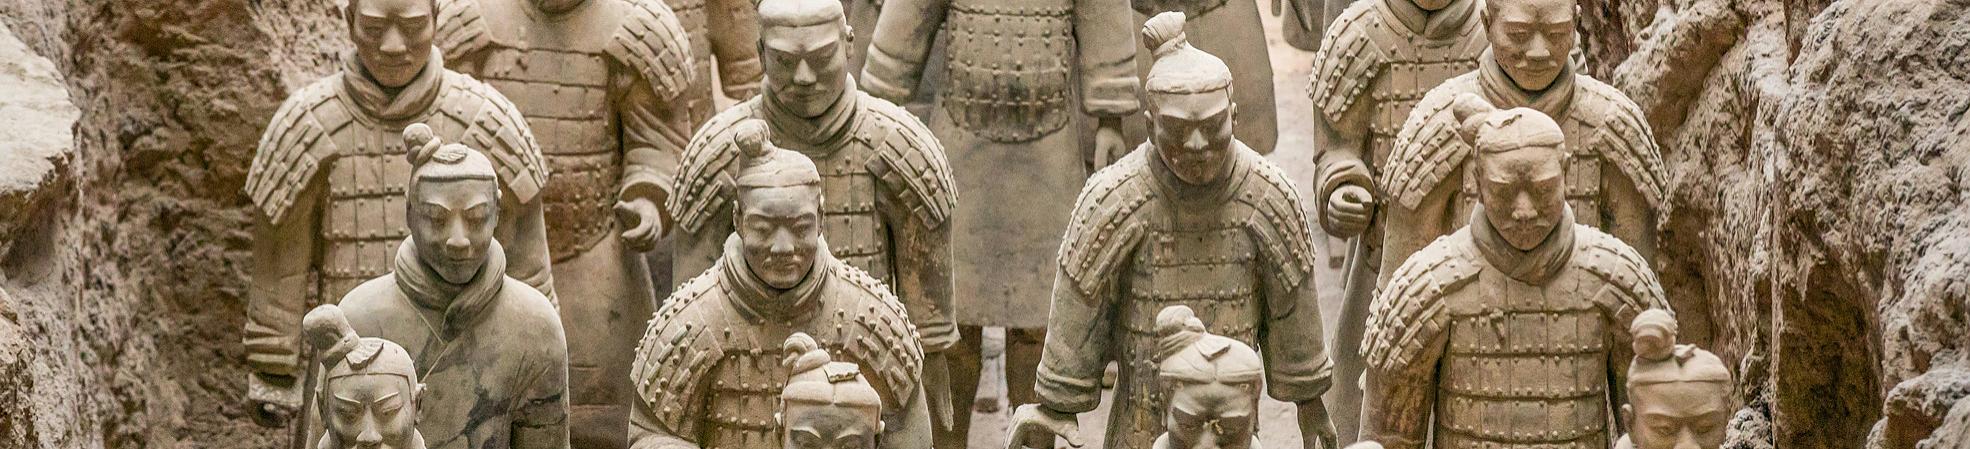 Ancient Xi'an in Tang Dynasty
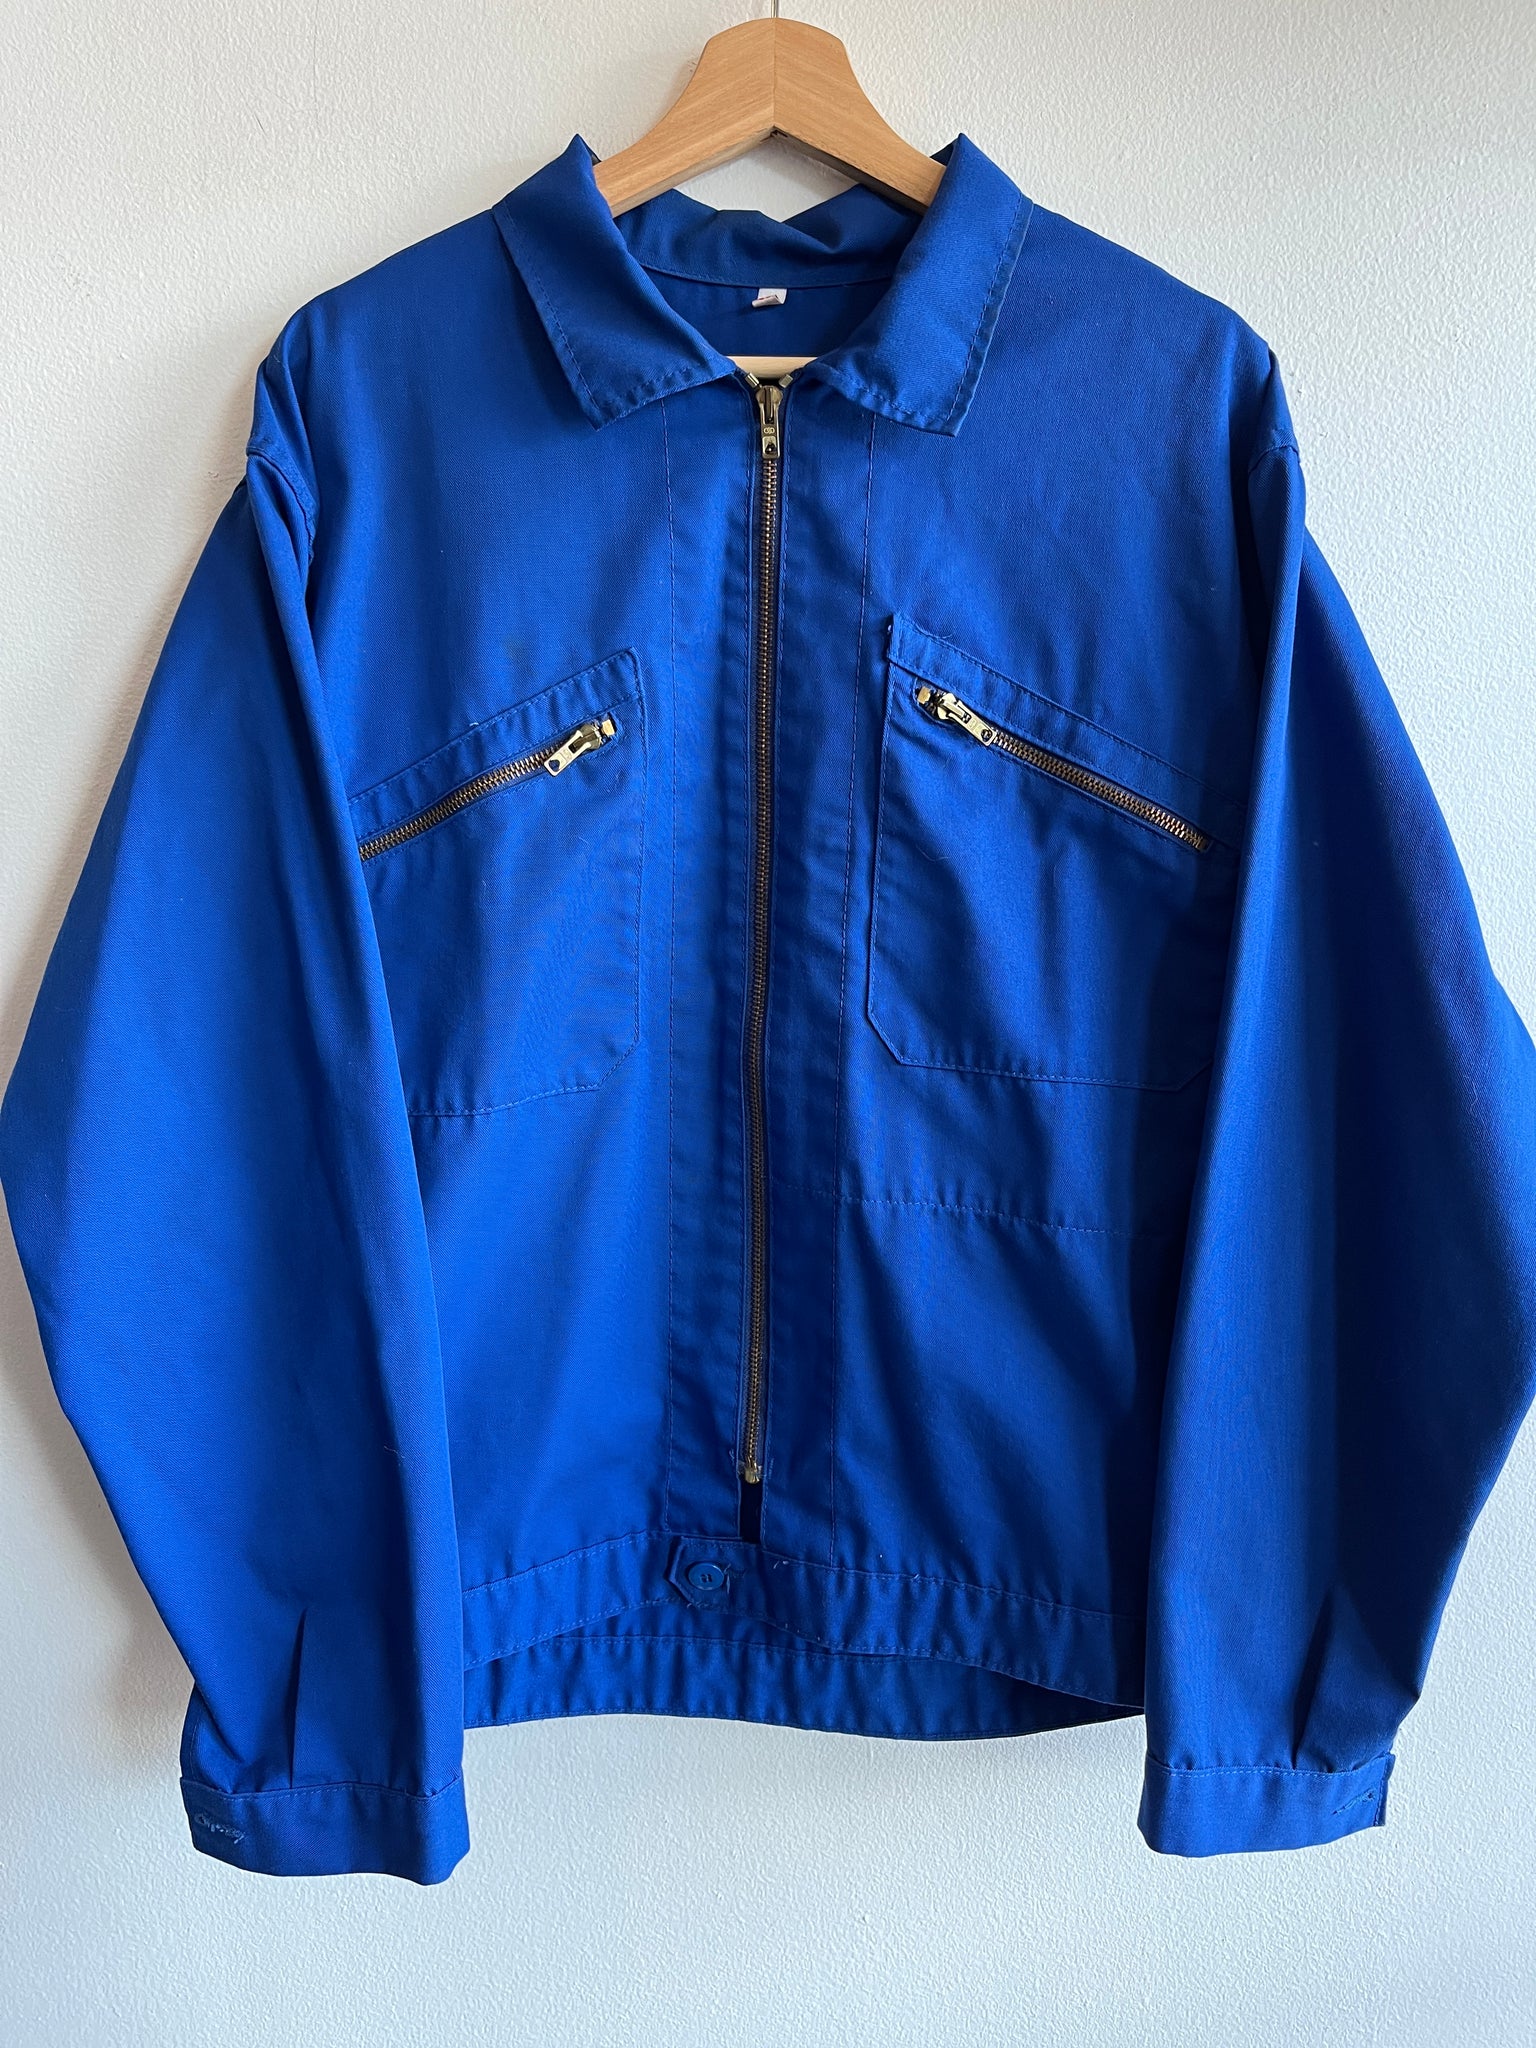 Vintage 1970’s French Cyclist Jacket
---
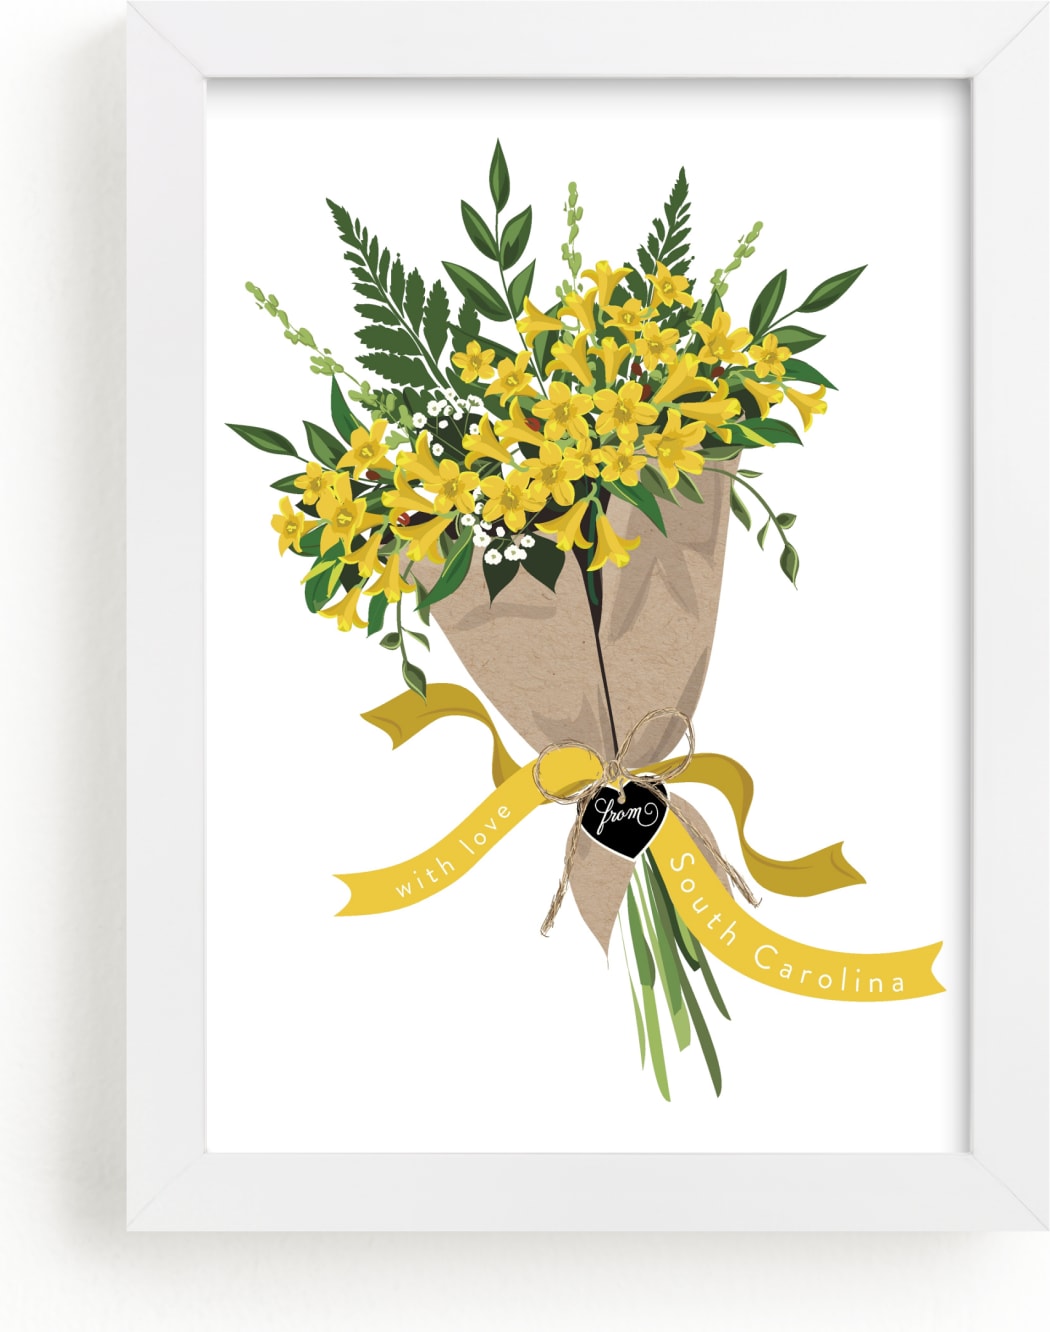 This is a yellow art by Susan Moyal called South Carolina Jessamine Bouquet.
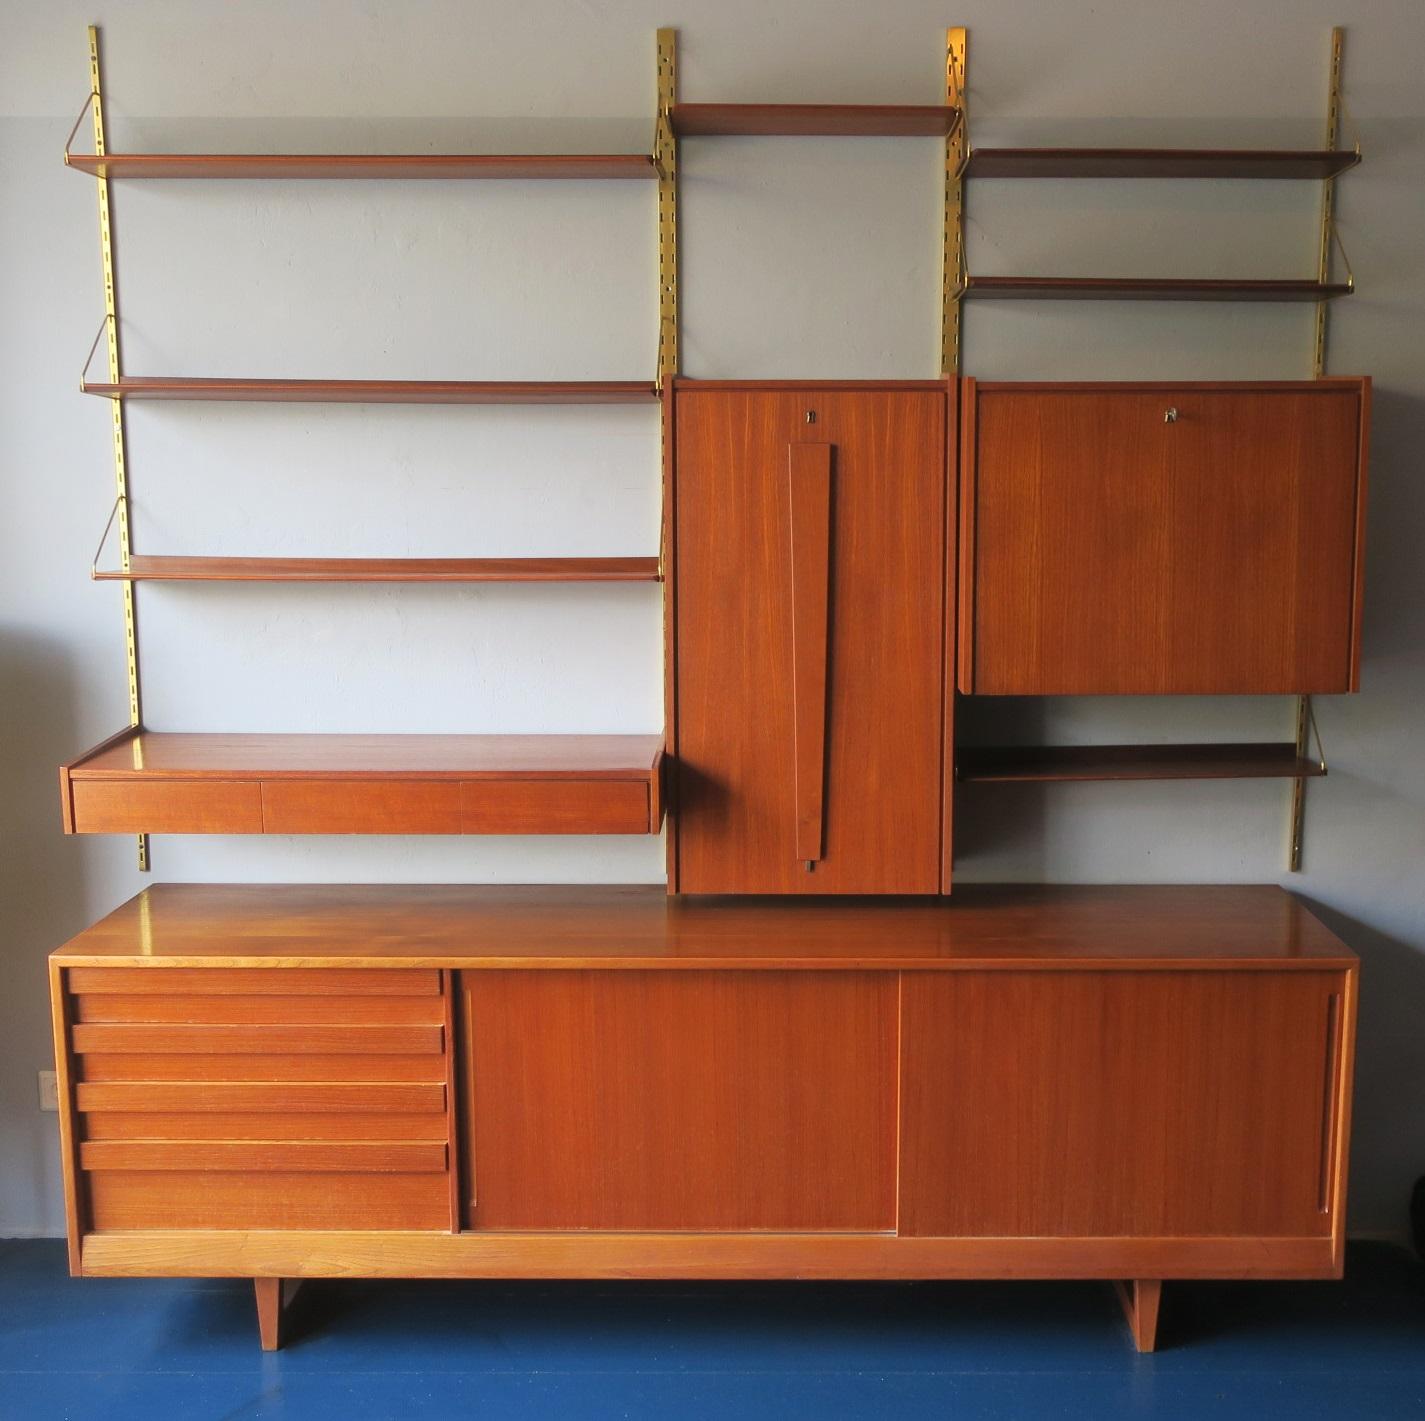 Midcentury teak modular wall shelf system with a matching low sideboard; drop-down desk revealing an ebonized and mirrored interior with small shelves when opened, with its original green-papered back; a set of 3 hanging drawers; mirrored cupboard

- YOUR TASK
Above are the records; restate exactly the lines from the one containing "Ancient Xi'an in Tang Dynasty" through the one containing "Vintage 1970’s French Cyclist Jacket", keeping pictures out.

- ANSWER TO THE PROBLEM
 Ancient Xi'an in Tang Dynasty
 Vintage 1970’s French Cyclist Jacket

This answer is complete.